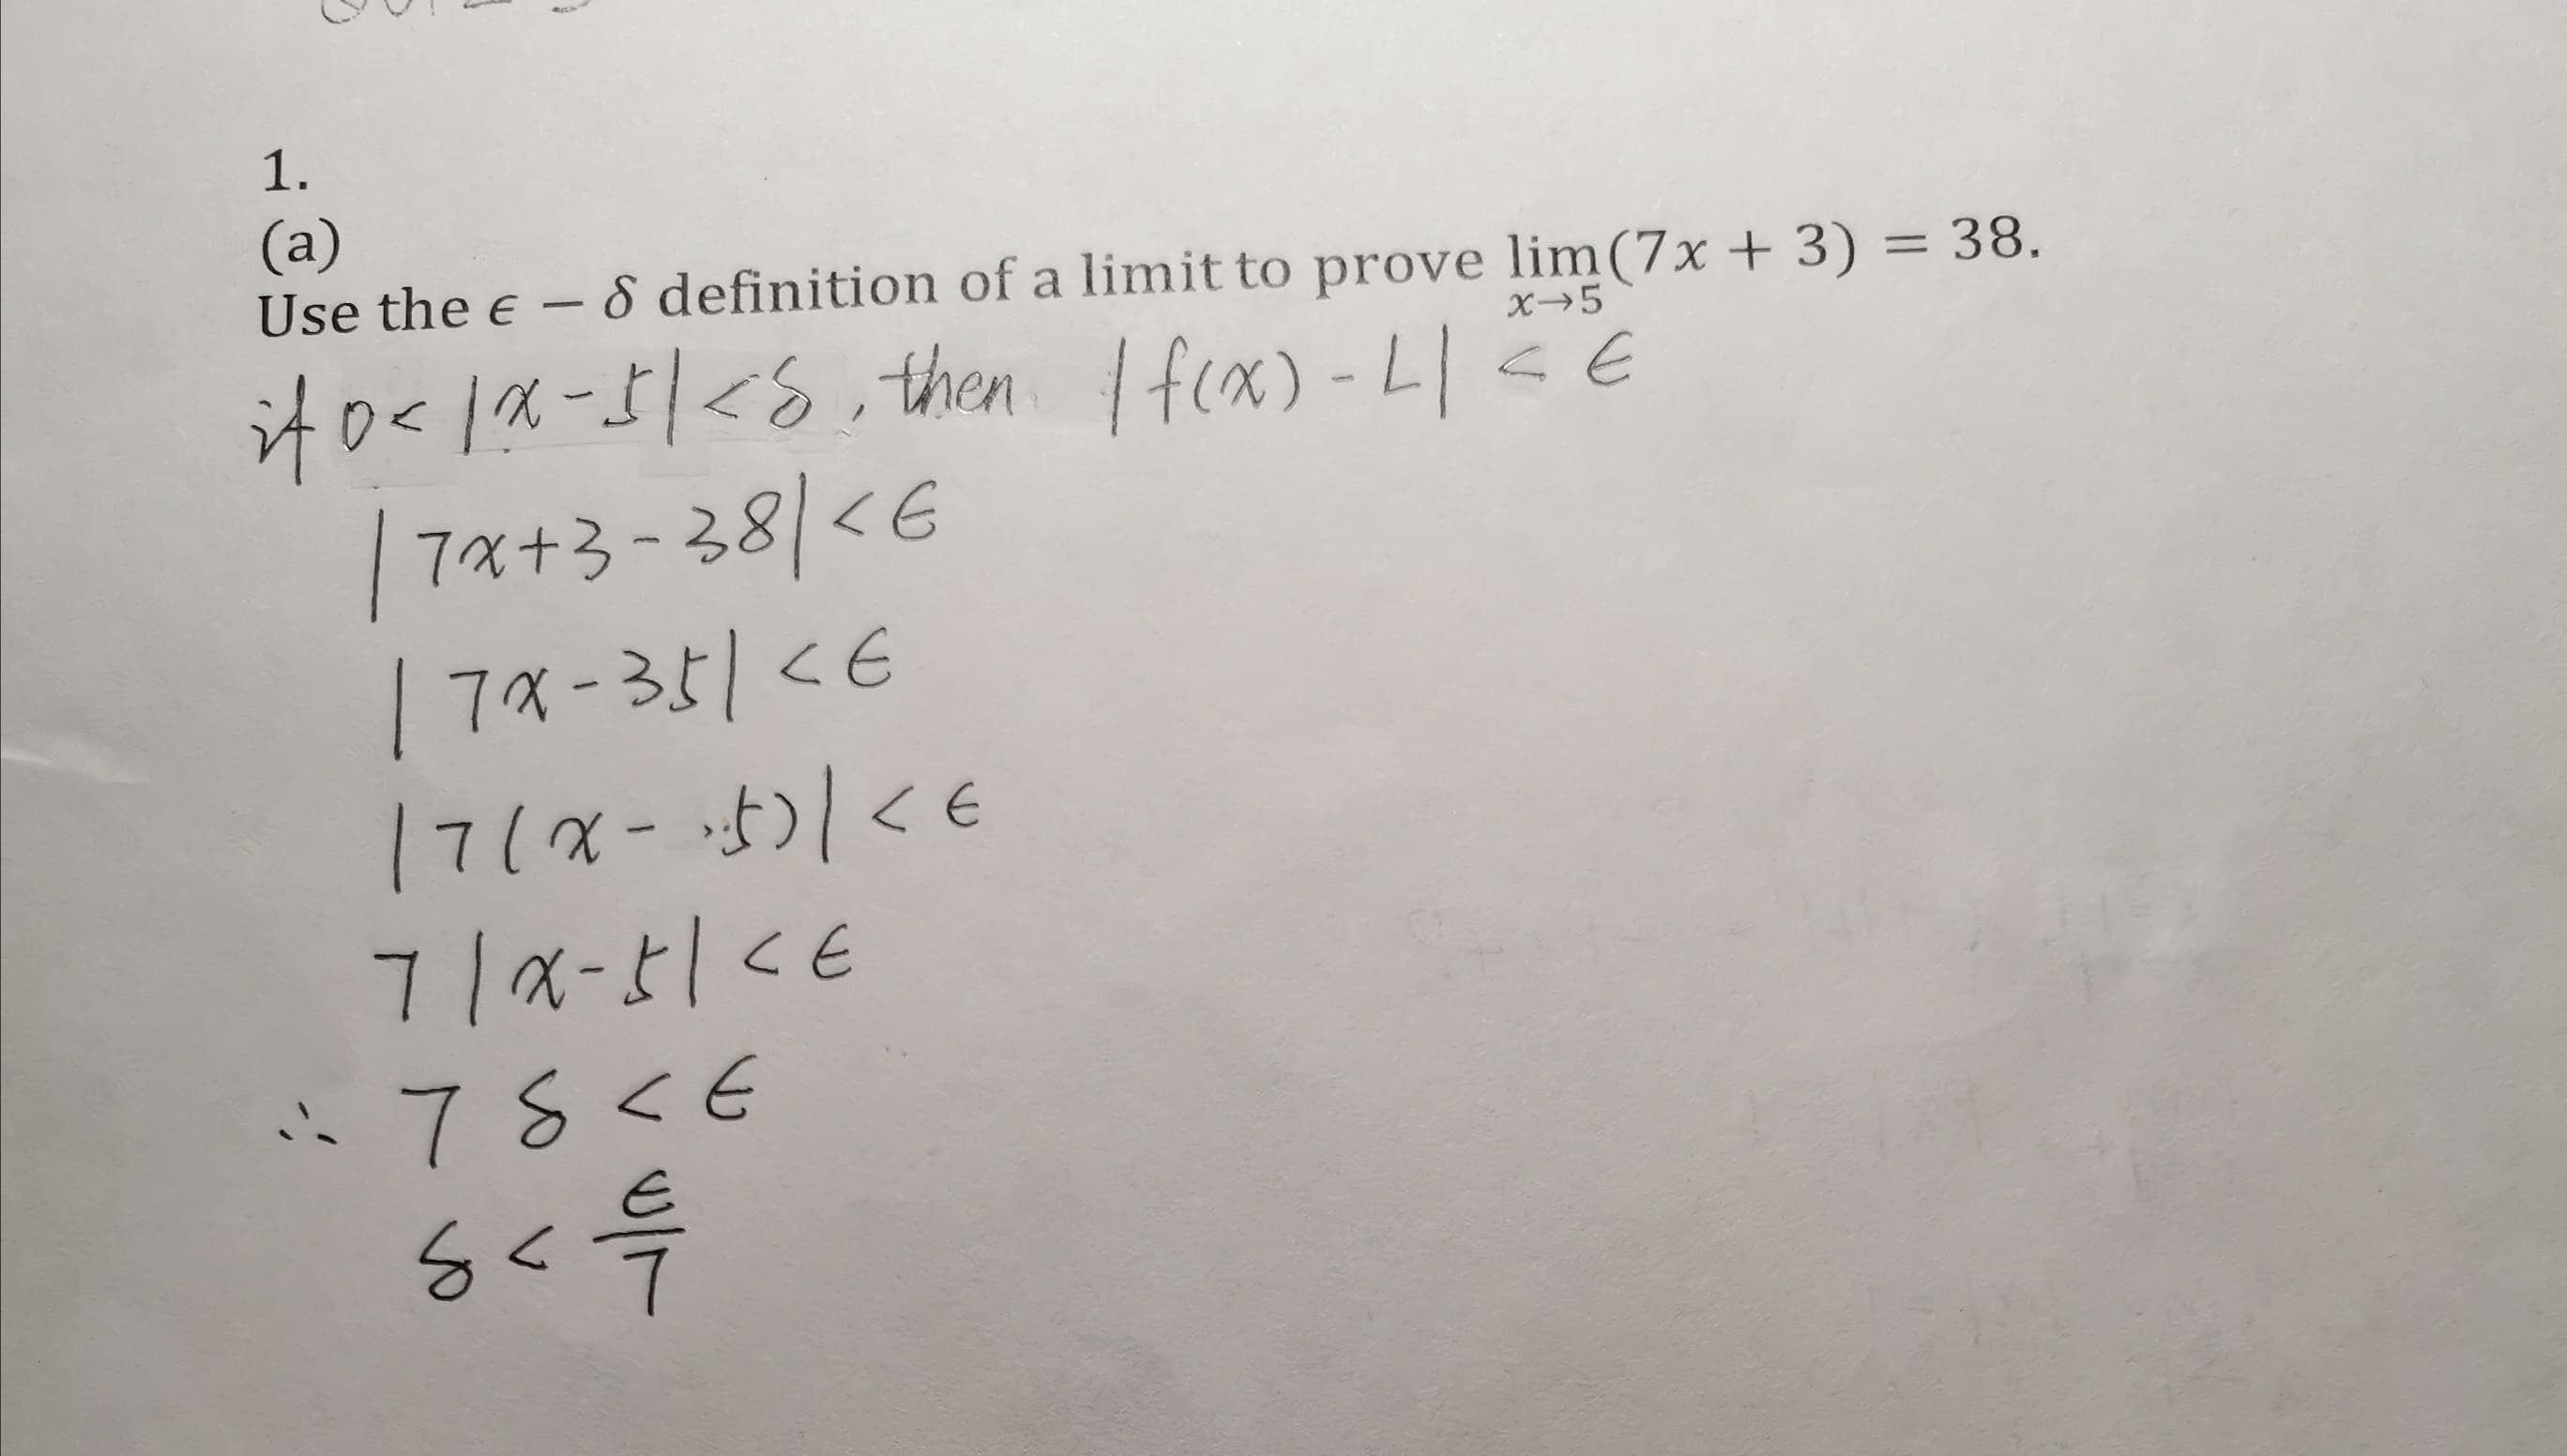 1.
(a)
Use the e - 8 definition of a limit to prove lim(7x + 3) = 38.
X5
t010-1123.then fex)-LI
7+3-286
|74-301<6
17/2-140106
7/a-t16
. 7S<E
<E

··········

## Exercise prompt
Every line above should be printed again word for word, without its pictures.

## Task solution
 1.
(a)
Use the e - 8 definition of a limit to prove lim(7x + 3) = 38.
X5
t010-1123.then fex)-LI
7+3-286
|74-301<6
17/2-140106
7/a-t16
. 7S<E
<E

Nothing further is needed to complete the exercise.